## AVAILABLE DATA:

***

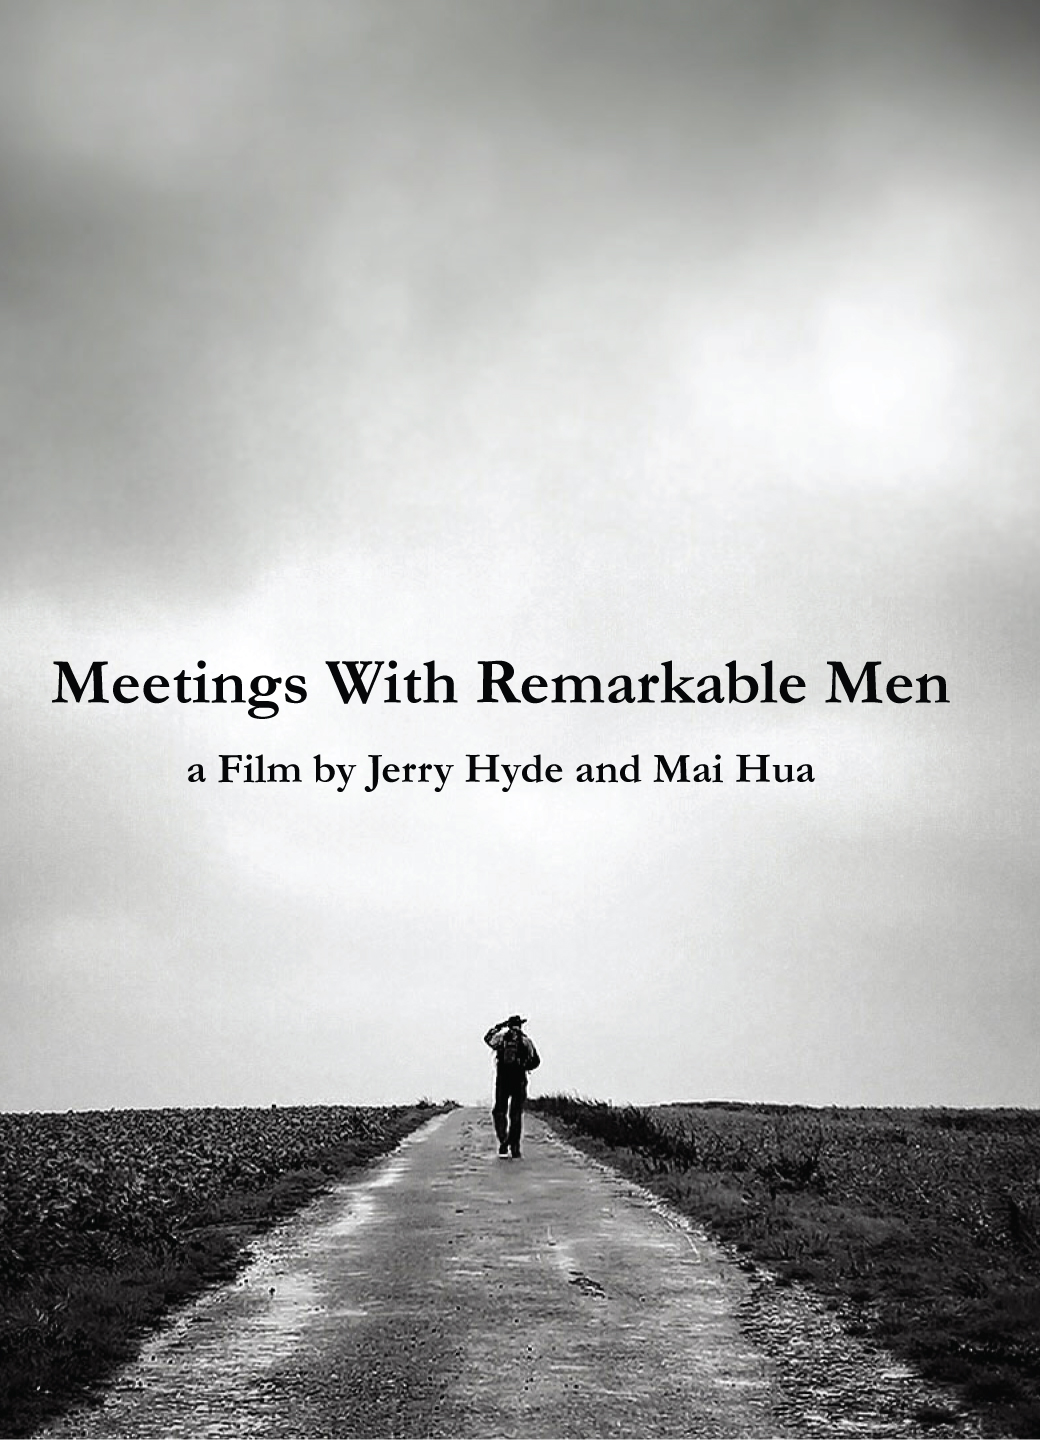 Meetings with Remarkable Men
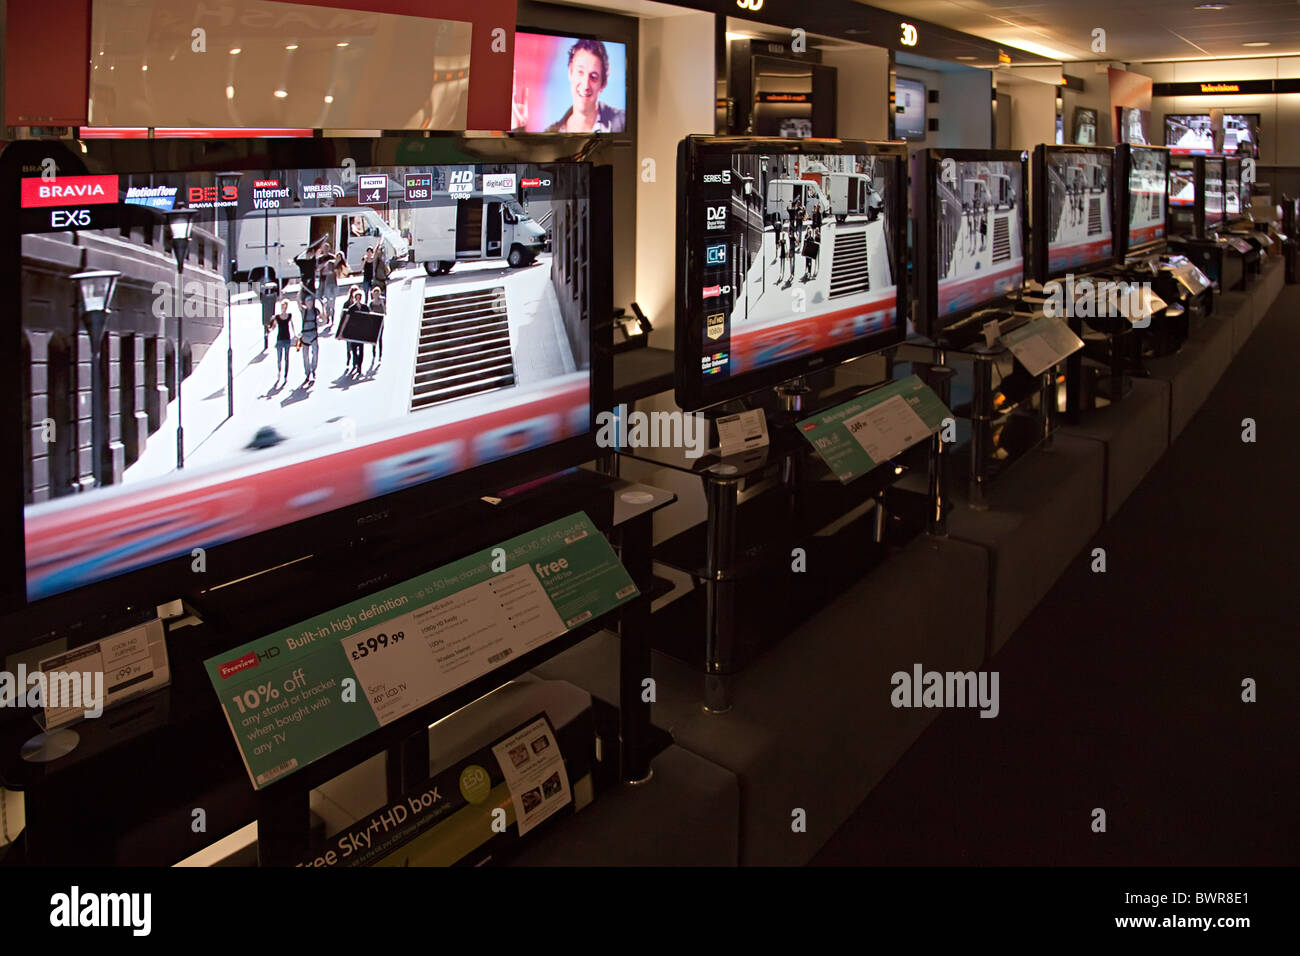 Digital flat screen televisions on sale in Comet, Cwmbran, Wales UK Stock Photo
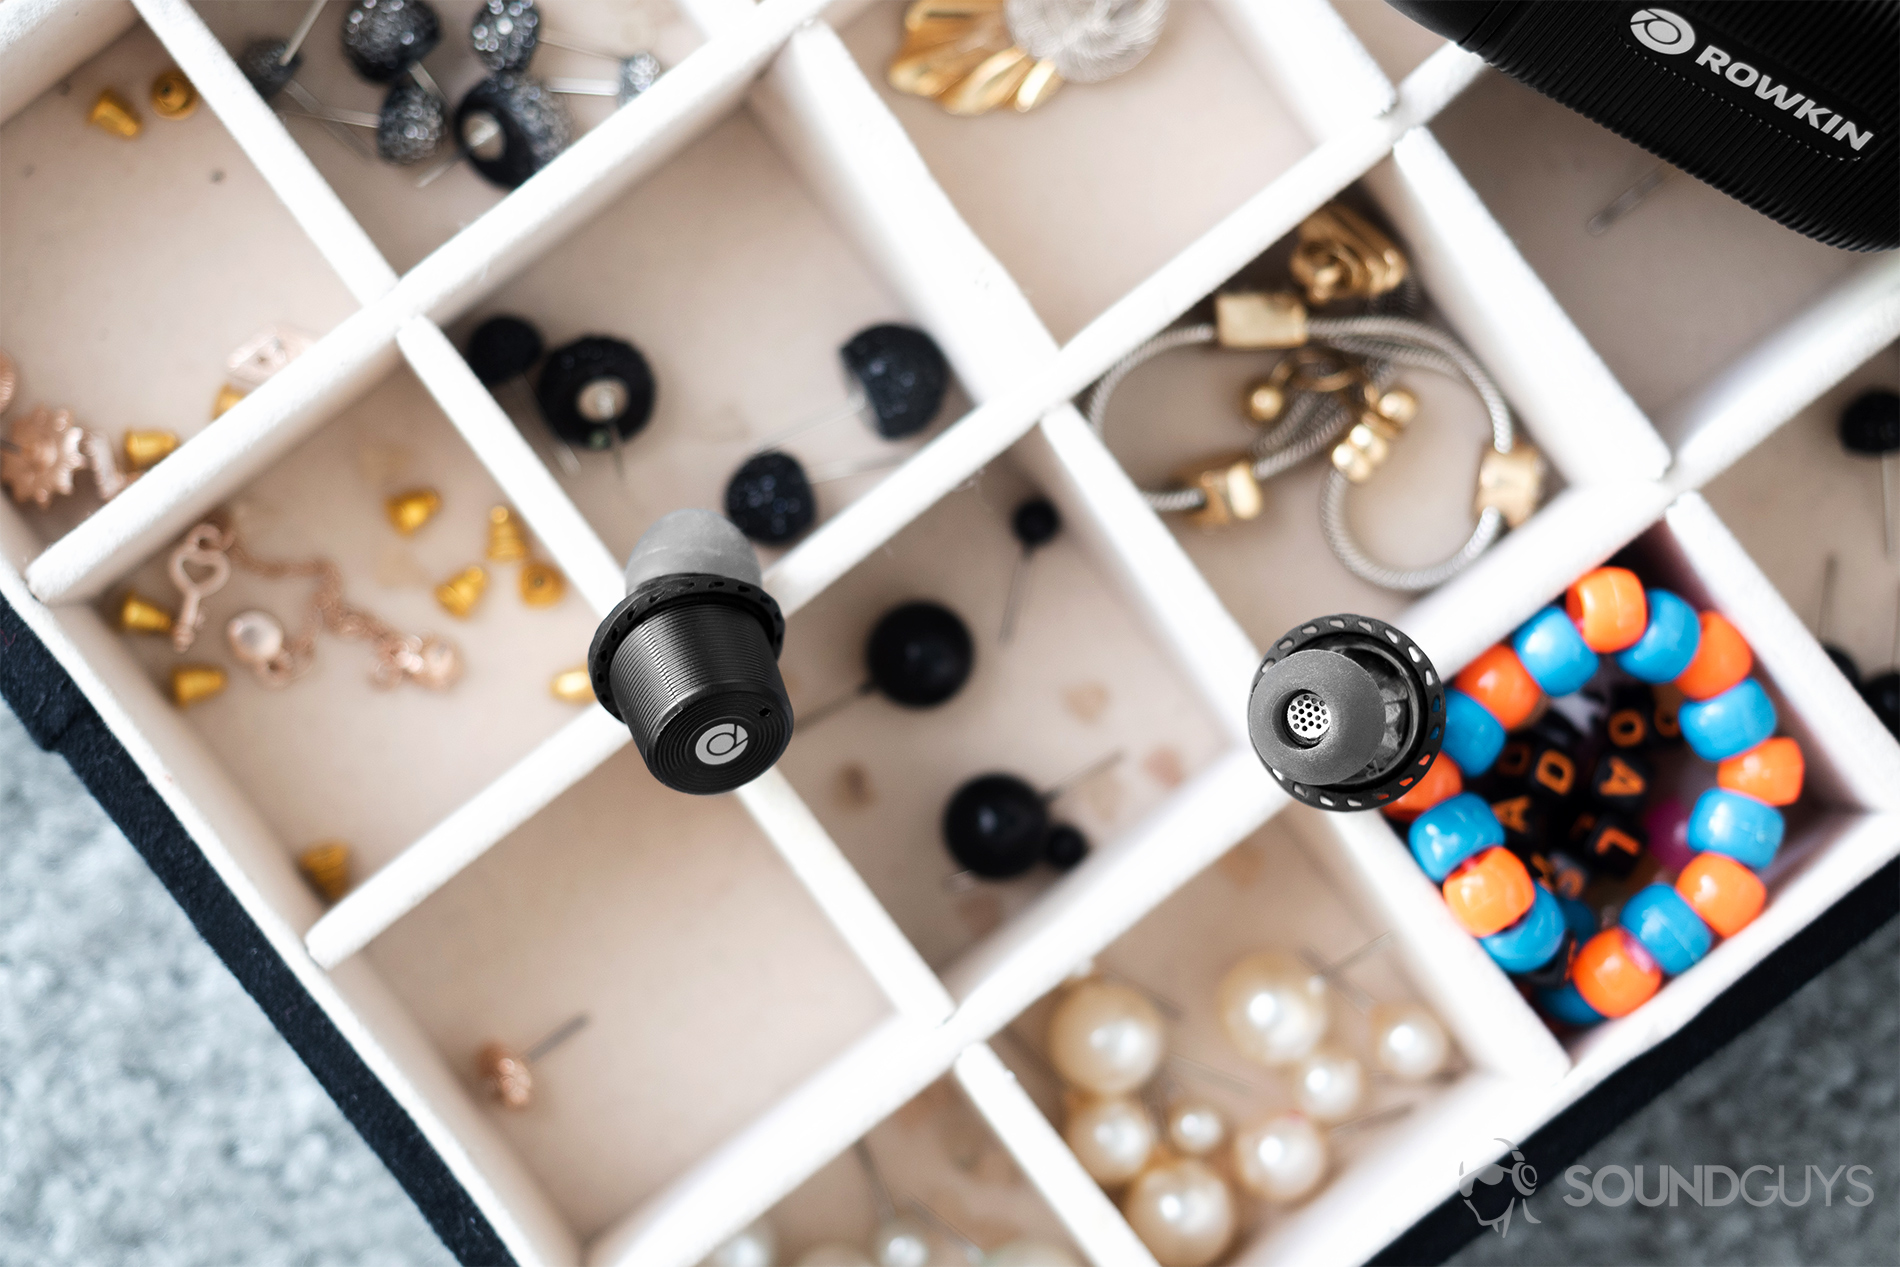 Rowkin Ascent Micro: A top-down image of the earbuds on top of an open jewelery case.

***

## ACTIVITY:
Return the data exactly as it stands, minus the pictures.

## TASK RESPONSE:
 Meetings with Remarkable Men
 Digital flat screen televisions on sale in Comet, Cwmbran, Wales UK Stock Photo
 Rowkin Ascent Micro: A top-down image of the earbuds on top of an open jewelery case.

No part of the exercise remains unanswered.